The intersection between race, gender, and class is an old story in the modern world-system. It has been central to the political history of the United States. In 1848, a year of major political upheaval throughout the world, France was having the first serious social revolution in modern history, and in much of Europe there were nationalist uprisings, which historians have come to call “the springtime of the nations.” In the United States, the most important event was the Seneca Falls Convention, generally regarded as the founding moment of U.S. feminism. Its famous “Declaration of Sentiments” of July 19-20, 1848, echoing the “Declaration of Independence,” begins: “We hold these truths to be self-evident: that all men and women are created equal.” Among the grievances listed were the fact that women were deprived of “the first right of a citizen, elective franchise,” a franchise that was given (this complaint foreshadowing future conflicts) to “ignorant and degraded men – both natives and foreigners.”

The leading African-American figure of the period, Frederick Douglass, attended Seneca Falls to offer the support of the African-American community – then still largely slaves – to the cause of women’s rights. Later in 1872, Douglass would be the vice-presidential candidate of the Equal Rights Party, on a ticket headed by Victoria Woodhull. This was the first time either a woman or an African-American would run for these offices.

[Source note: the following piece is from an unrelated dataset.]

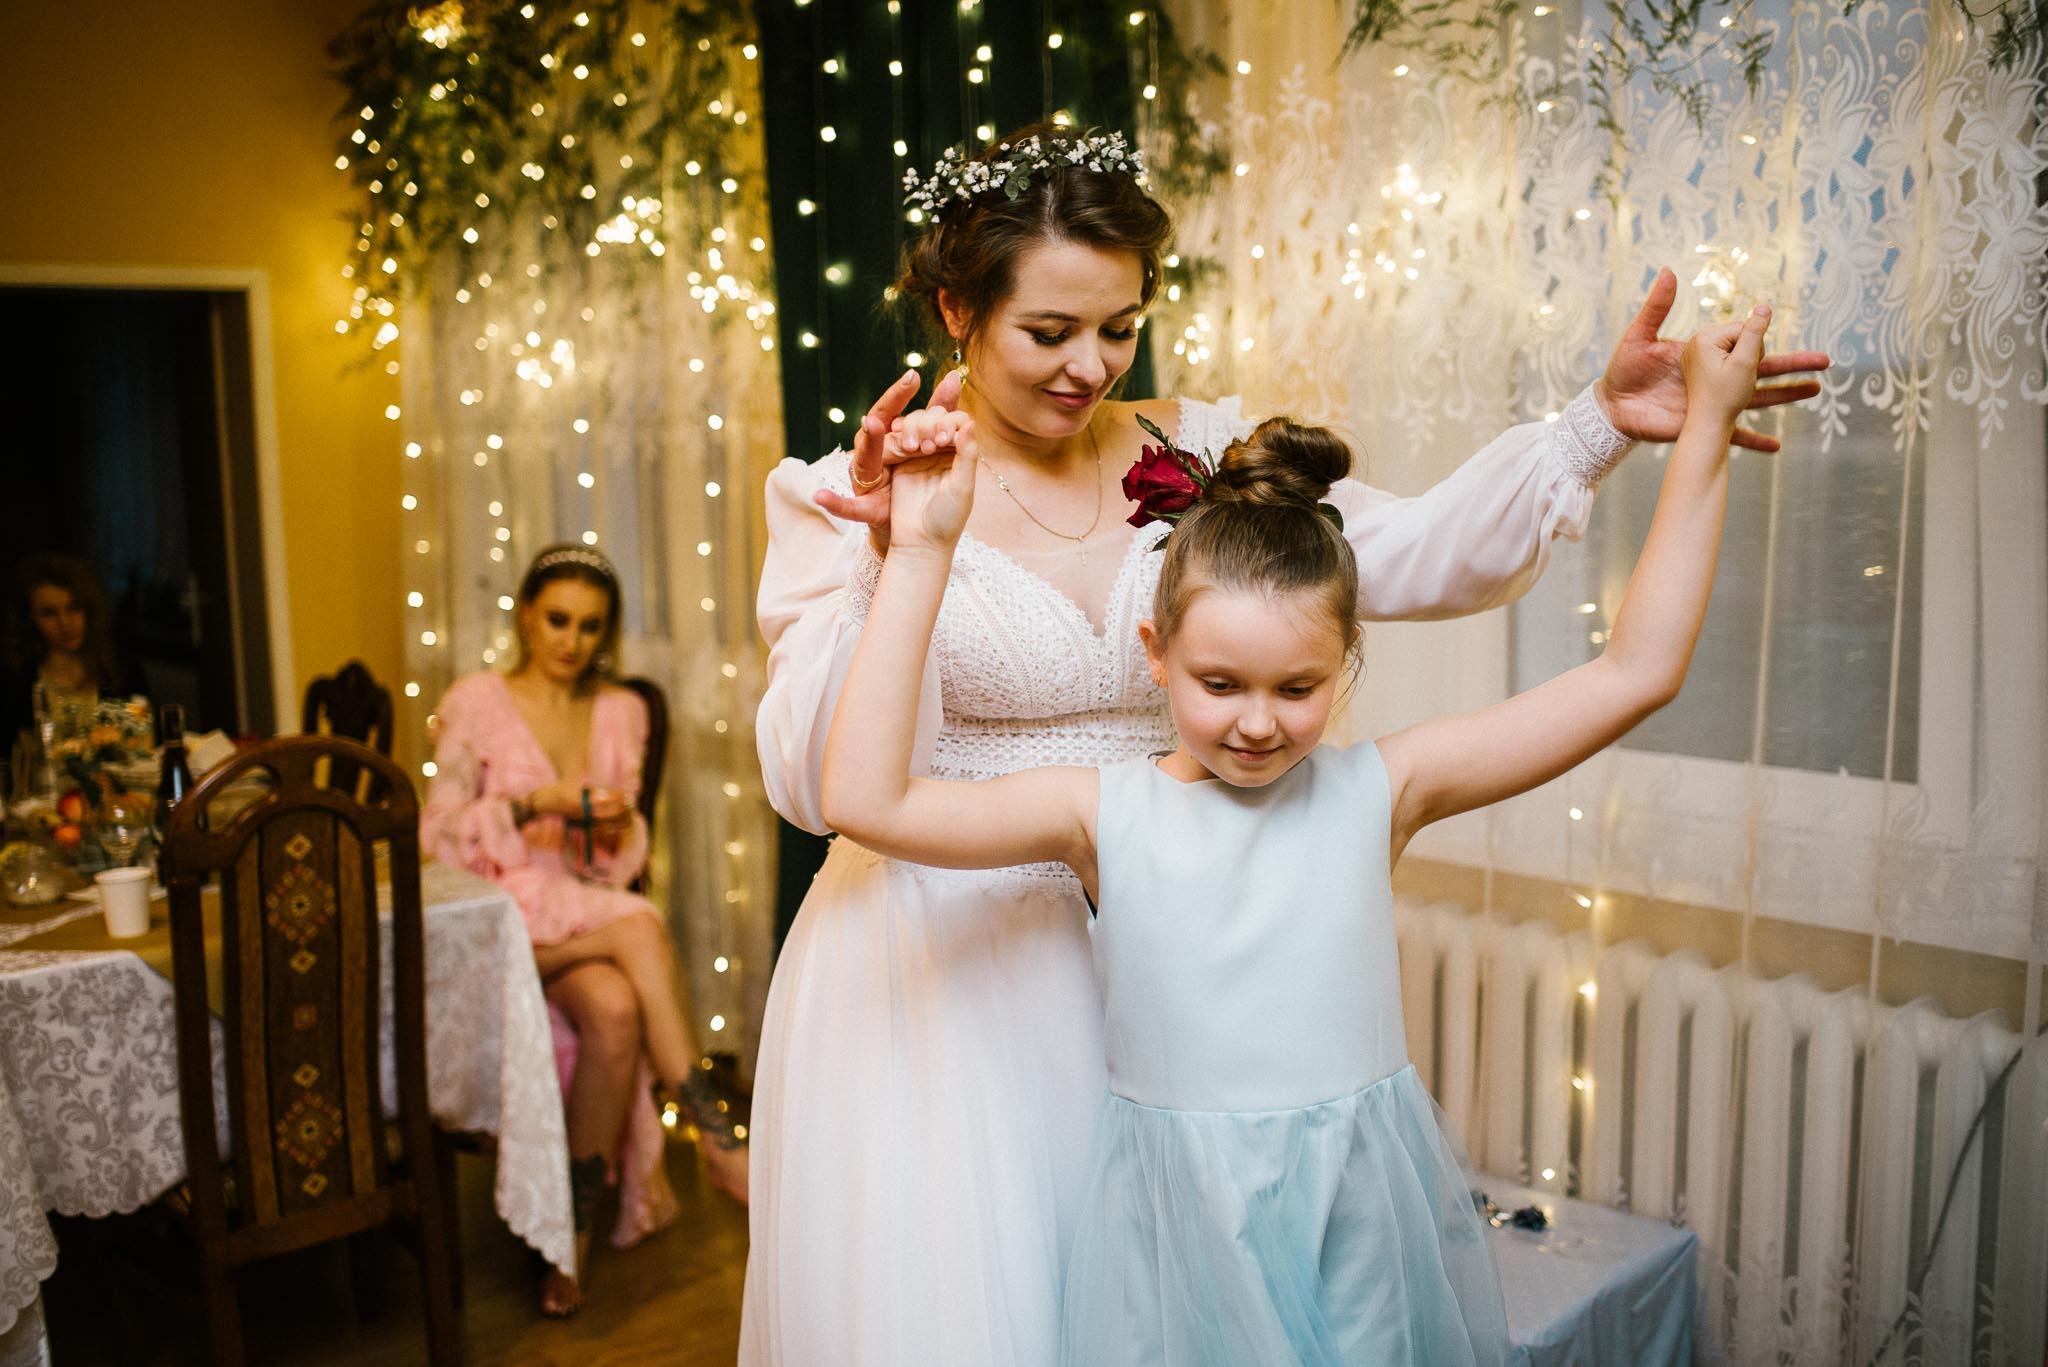 Panna młoda tańczy z dziewczynką - sesja ślubna reportaż Żuczki Inowrocław

When, however, after the Civil War, the U.S. Congress adopted the Fourteenth Amendment to the Constitution, which made unconstitutional the exclusion from voting of African-American male citizens, the women’s movement was dismayed that they were not included. Wendell Phillips, one of the leaders of the U.S. abolitionist movement, famously told them in May, 1865 that the demands of women’s suffrage should not be pressed at the moment, for “this is the Negro’s hour.” Many women suffragists did not stand by mute. As a response, Elizabeth Stanton and Susan B. Anthony supported the presidential campaign of George Francis Train, a known racist, who however advocated women’s suffrage. The outcome was a profound split in the feminist movement.

As the women’s movement became more conservative on all social/labor issues in the second half of the nineteenth century, so did it on all ethnic/racial issues. In the course of this conservative shift, many feminists abandoned the natural rights argument. They began to argue that women be given the vote “to balance the impact of the foreign born.” In 1903, the main women’s movement came out for an “educational requirement” for the vote (to the notable but lonely dissent of Charlotte Perkins Gilman). At the height of this tension, some suffragists even resorted to crude racism. For example, they issued a poster of a brutish-looking Negro porter sitting next to a refined-looking White lady with a caption that read “He can vote; why can’t I?”

In all this conflict between the victims of inequality (race versus gender), there was virtually no talk of class, although the vast majority of both African-Americans and women were working class, as they still are today. Thus it is that an avowedly conservative Republican candidate, who has throughout his career voted to support the interests of the upper classes and against all legislation that would be in the interests of the working classes (called in the United States the “middle class”), can hope to attract some working-class voters who are not ready to accept the idea that either a woman or an African-American can be the president of the United States.

Is there anything new? Well, yes there is. The very idea that the two possible candidates of the Democratic Party are a woman and an African-American is something that was unthinkable a mere decade ago. The election of one or the other may yet turn out to be unthinkable. But that depends on the degree to which the Democratic Party can organize its campaign around class issues, which are delicately called issues of “the economy.” If it does, it will probably sweep the elections. If it does not, the contest will be close.